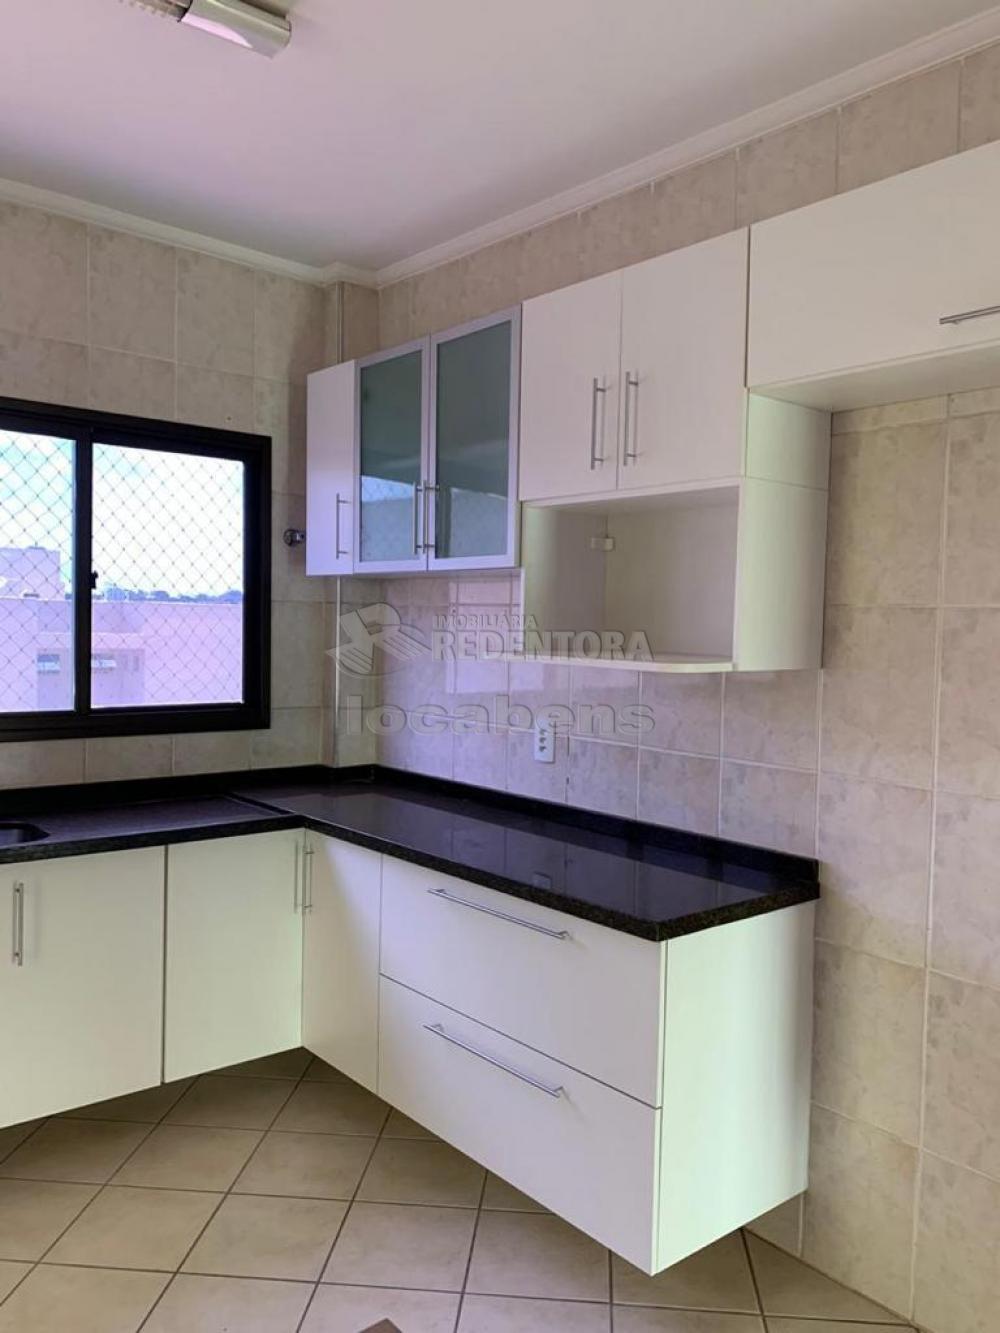 Comprar Apartamento / Padrão em São José do Rio Preto R$ 400.000,00 - Foto 28
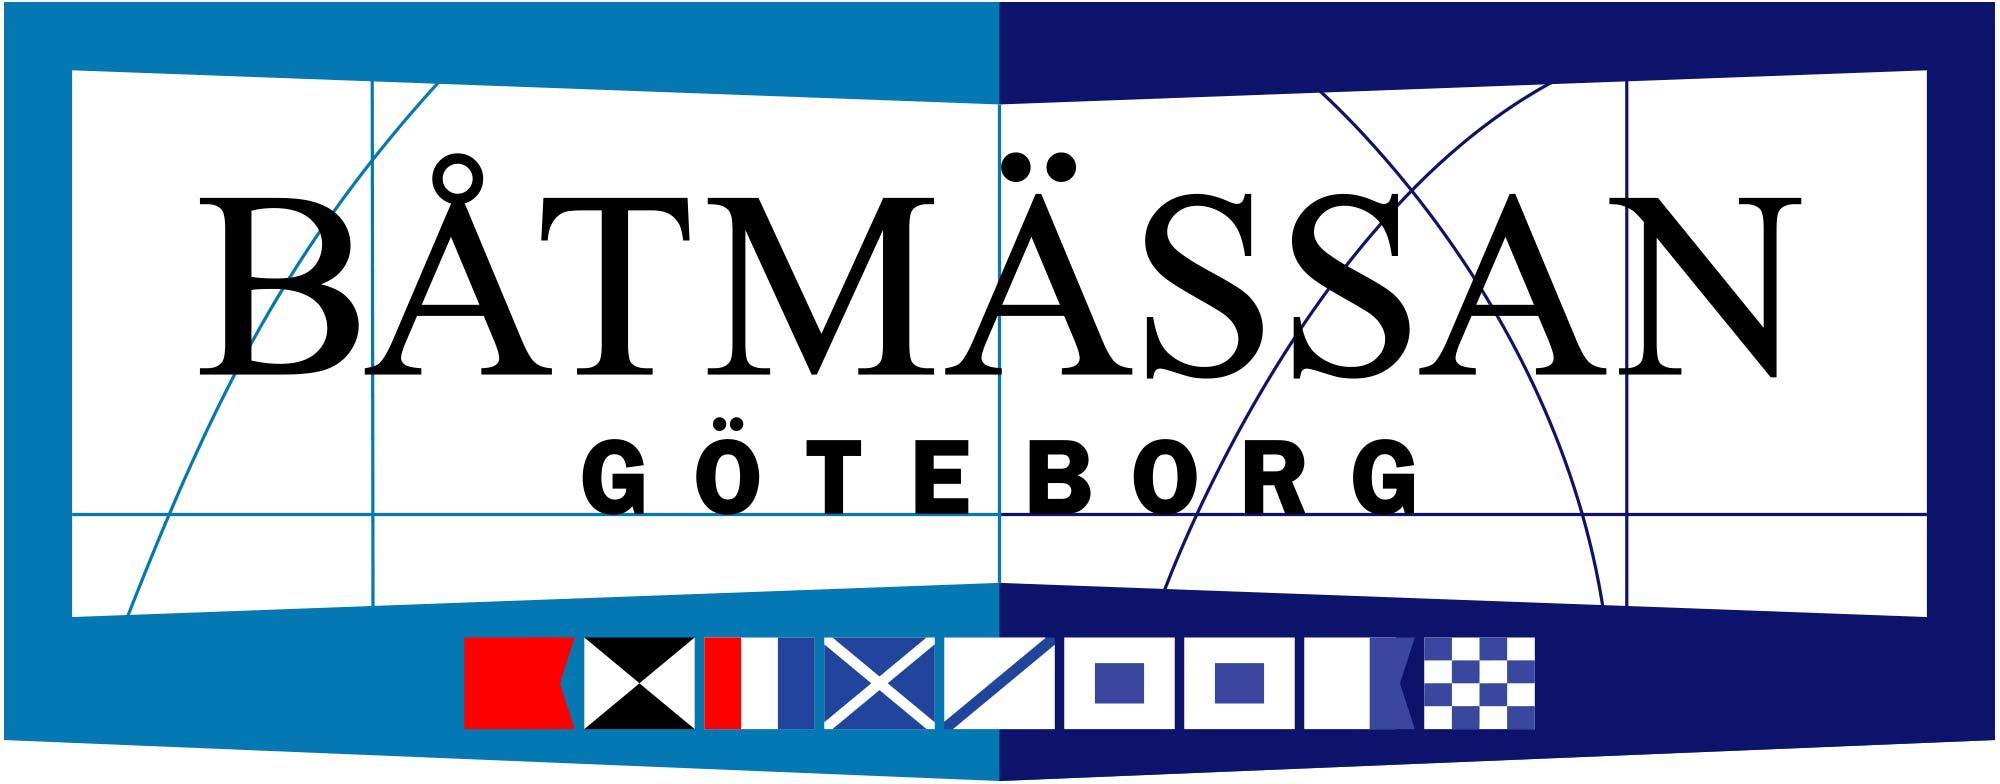 Båtmässan logo
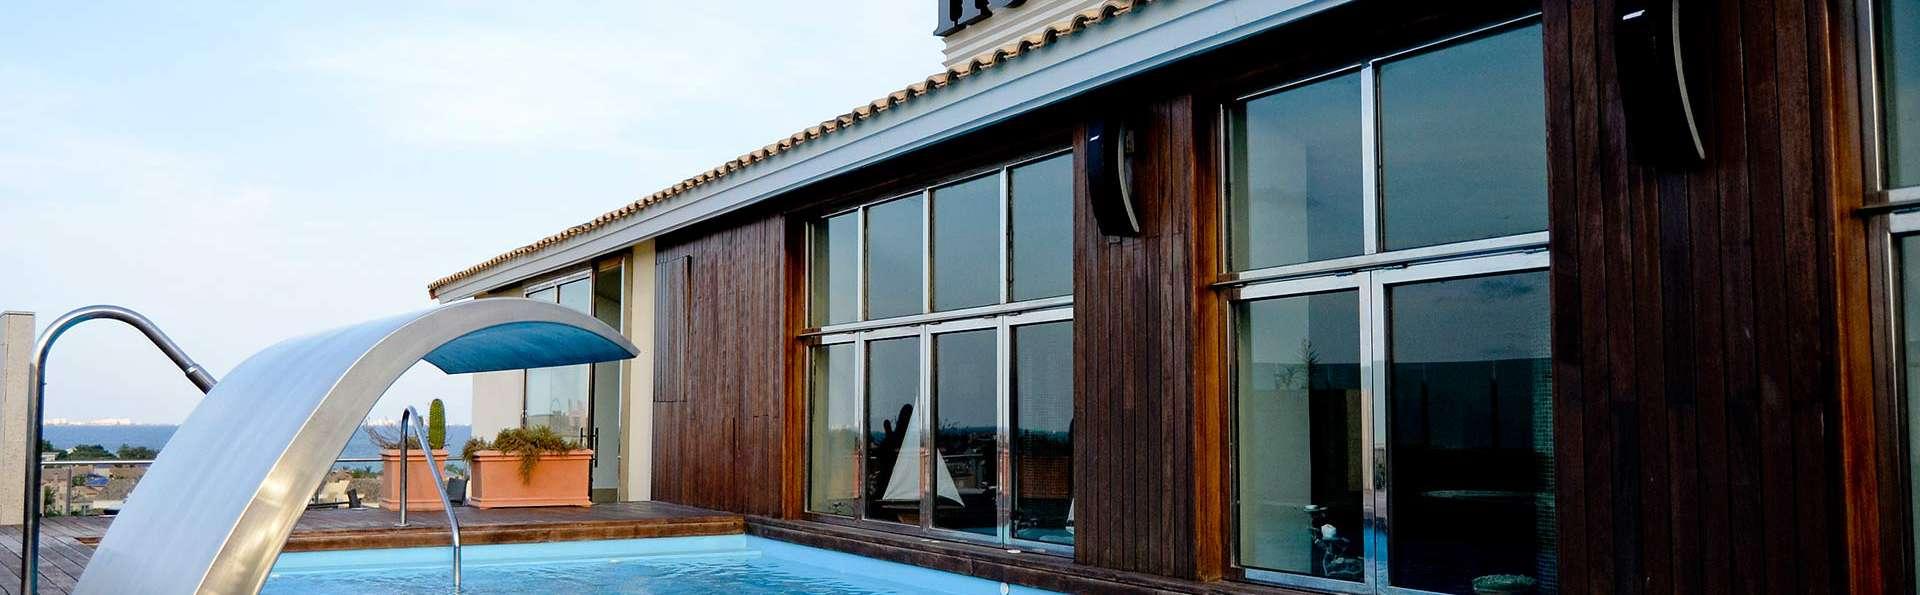 Hotel 525 - EDIT_pool.jpg
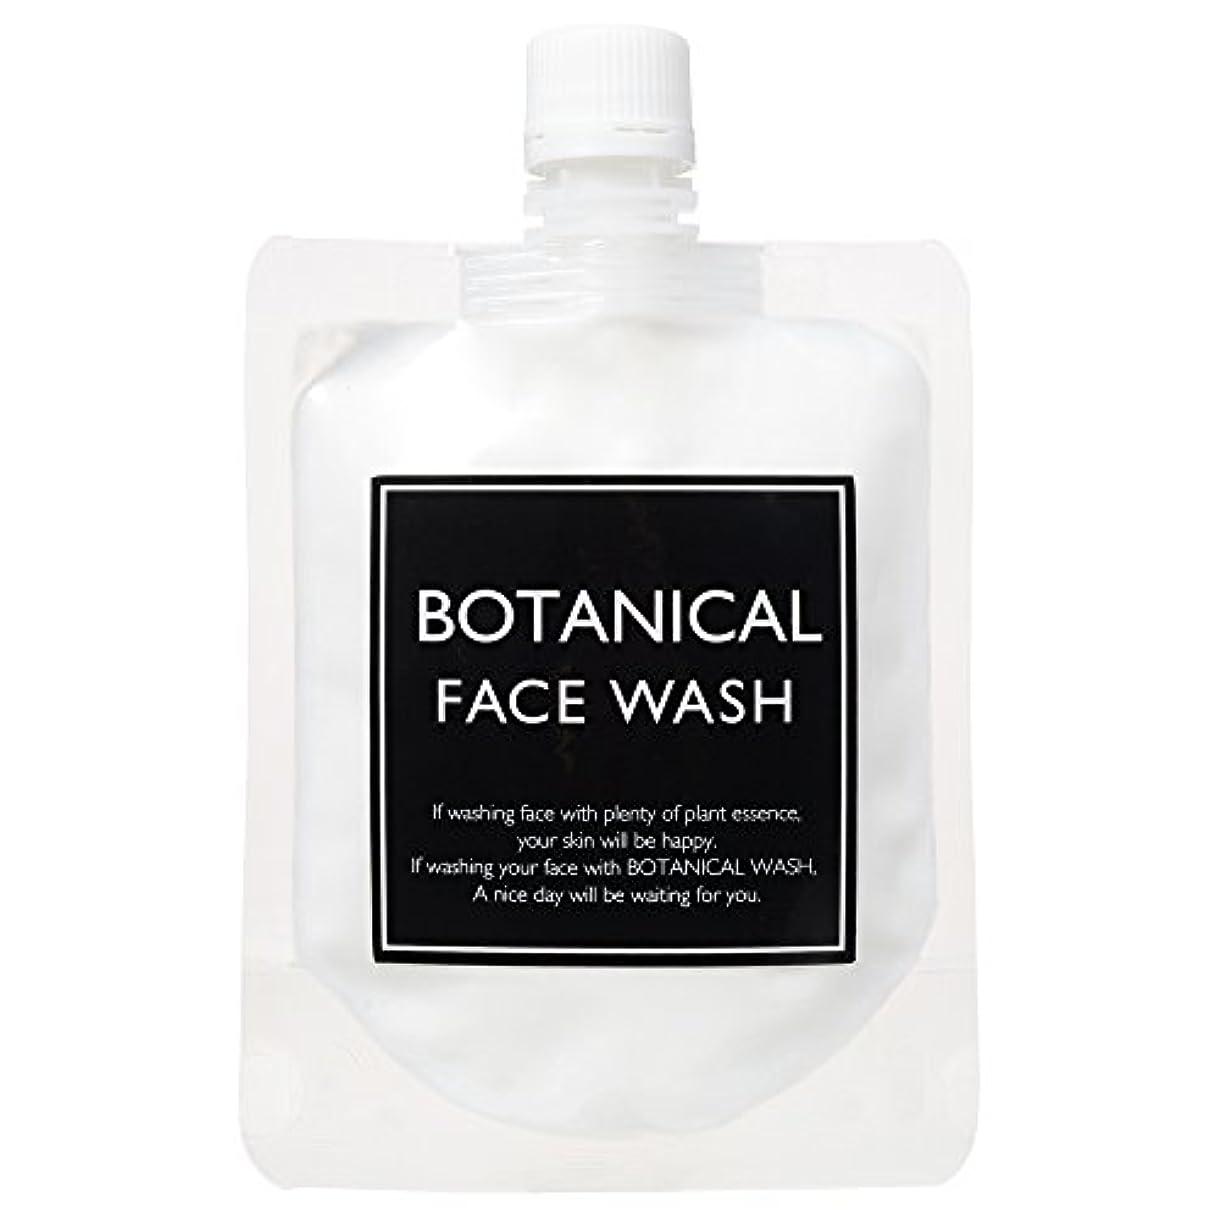 マウンド徹底抹消【BOTANICAL FACE WASH】 ボタニカル フェイスウォッシュ 150g 泡洗顔

_Your assignment_: Copy the data character for character, but drop all pictures from the copy.

_Solution to the exercise_:
 Comprar Apartamento / Padrão em São José do Rio Preto R$ 400.000,00 - Foto 28
 Båtmässan logo
 Hotel 525 - EDIT_pool.jpg
 マウンド徹底抹消【BOTANICAL FACE WASH】 ボタニカル フェイスウォッシュ 150g 泡洗顔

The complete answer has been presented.